The House Ways and Means Committee’s official Report on H.R. 1, the Tax Cuts and Jobs Act, the tax reform bill that passed the House, includes additional explanations of the bill that were not previously included in the Committee’s initial section-by-section summary (or additional summary) or the Joint Committee on Taxation’s description of the bill. The Committee Report also addresses certain technical issues with the bill.

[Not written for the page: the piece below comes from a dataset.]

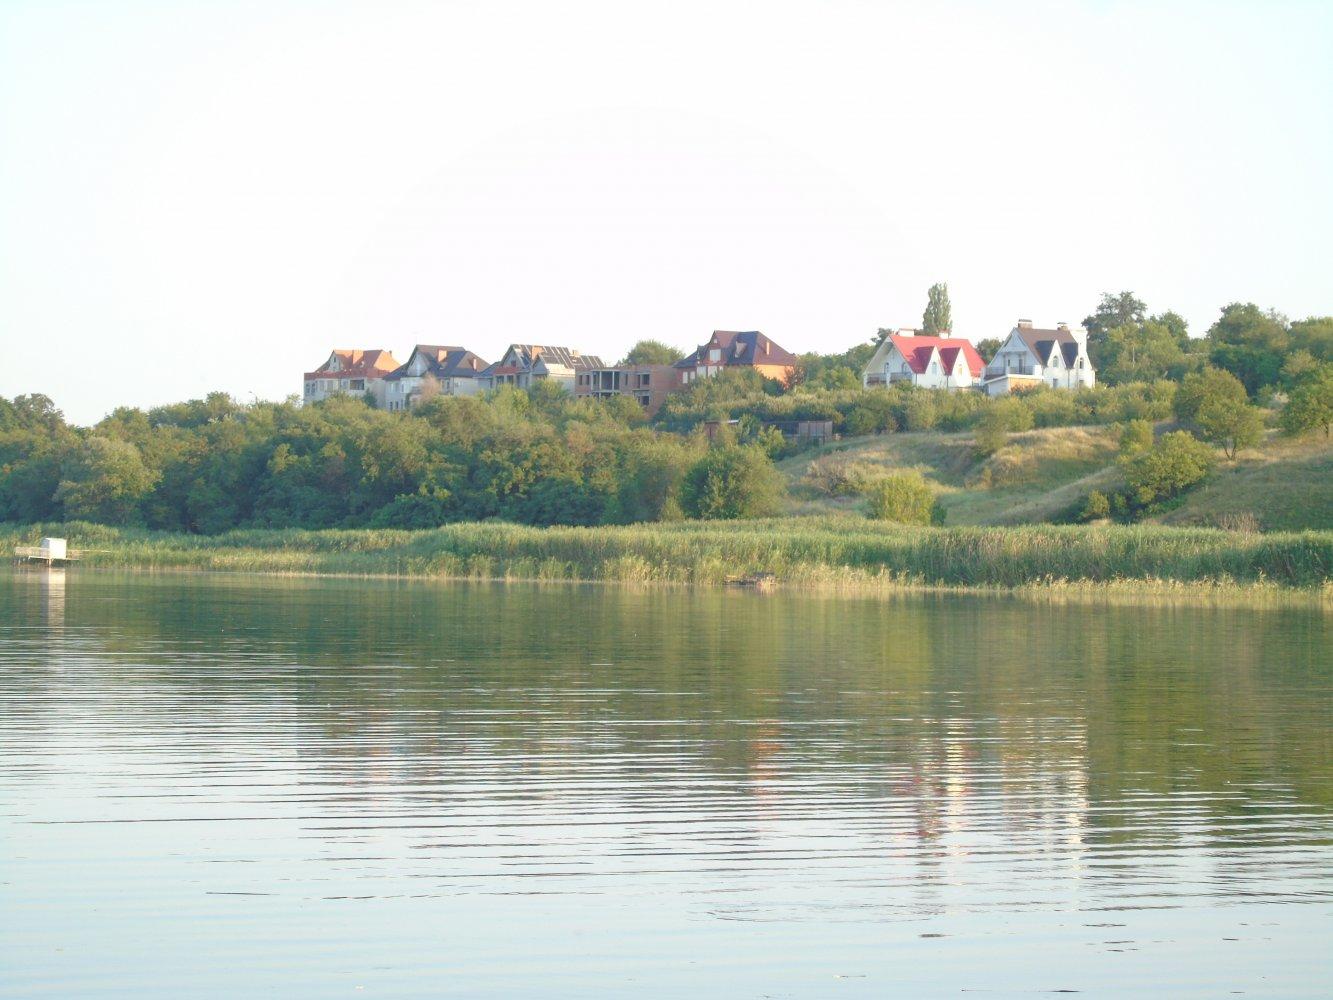 Фото DSC07585.JPG. Украина, Дніпропетровська область, Unnamed Road

Deemed repatriation inclusion mechanics. For example, the Committee Report acknowledges that the bill’s mandatory deemed repatriation provisions requiring U.S. shareholders to include their pro rata share of their specified foreign corporation’s earnings and profits could be interpreted to require multiple inclusions with respect to the same earnings and profits in certain cases. The Committee Report states that such multiple inclusions are not intended:
The Committee is aware that certain aspects of this section require additional attention. For example, the Committee recognizes that the definition of post-1986 earnings and profits could operate to count the same earnings twice where a specified foreign corporation makes a distribution to another specified foreign corporation on or after November 2, 2017, but prior to the end of the taxable year to which section 965 applies. The Committee intends to correct this inappropriate result. Additionally, the Committee is aware that the definition of post-1986 earnings and profits in this section includes a provision that increases post-1986 earnings and profits by the amount of any qualified deficit, within the meaning of section 952 of the Code. The Committee intends to revise this provision to allow qualified deficits to reduce post-1986 earnings and profits for purposes of section 965 and to ensure that qualified deficits taken into account under section 965 cannot be used to reduce future subpart F income. The Committee also understands that the existing net operating loss (NOL), overall domestic loss (ODL), and foreign tax credit carry-forward rules may interact with income inclusions arising from section 965 in ways that may not be appropriate and that require additional consideration.”
Contributions to corporate capital. Another provision of the bill that raises uncertainty as to its scope and its effect on other provisions of the Code is section 3304, which adds a new section 76 to the Code to treat capital contributions to corporations not in exchange for stock as gross income to the corporation, which the Committee had described as intended to remove the federal tax subsidy for state and local governments to offer concessions to businesses that locate in their jurisdiction (a common example of which is land grants or other subsidies for sports stadiums). The provision could be read to apply to a capital contribution by a corporation to its wholly owned subsidiary, if the transferee corporation did not formally issue additional stock. The Committee Report clarifies that these transactions are not within the scope of new section 76:
“The provision does not change the application of the meaningless gesture doctrine, described in Lessinger v. Commissioner, 872 F.2d 519 (2d. Cir. 1989) and related cases, as well as in administrative guidance. Thus, under the provision, whether incremental shares of stock are issued when the existing shareholder or shareholders of a corporation make a pro-rata contribution to the capital of the corporation is not determinative of whether the contribution is included in income of the corporation.”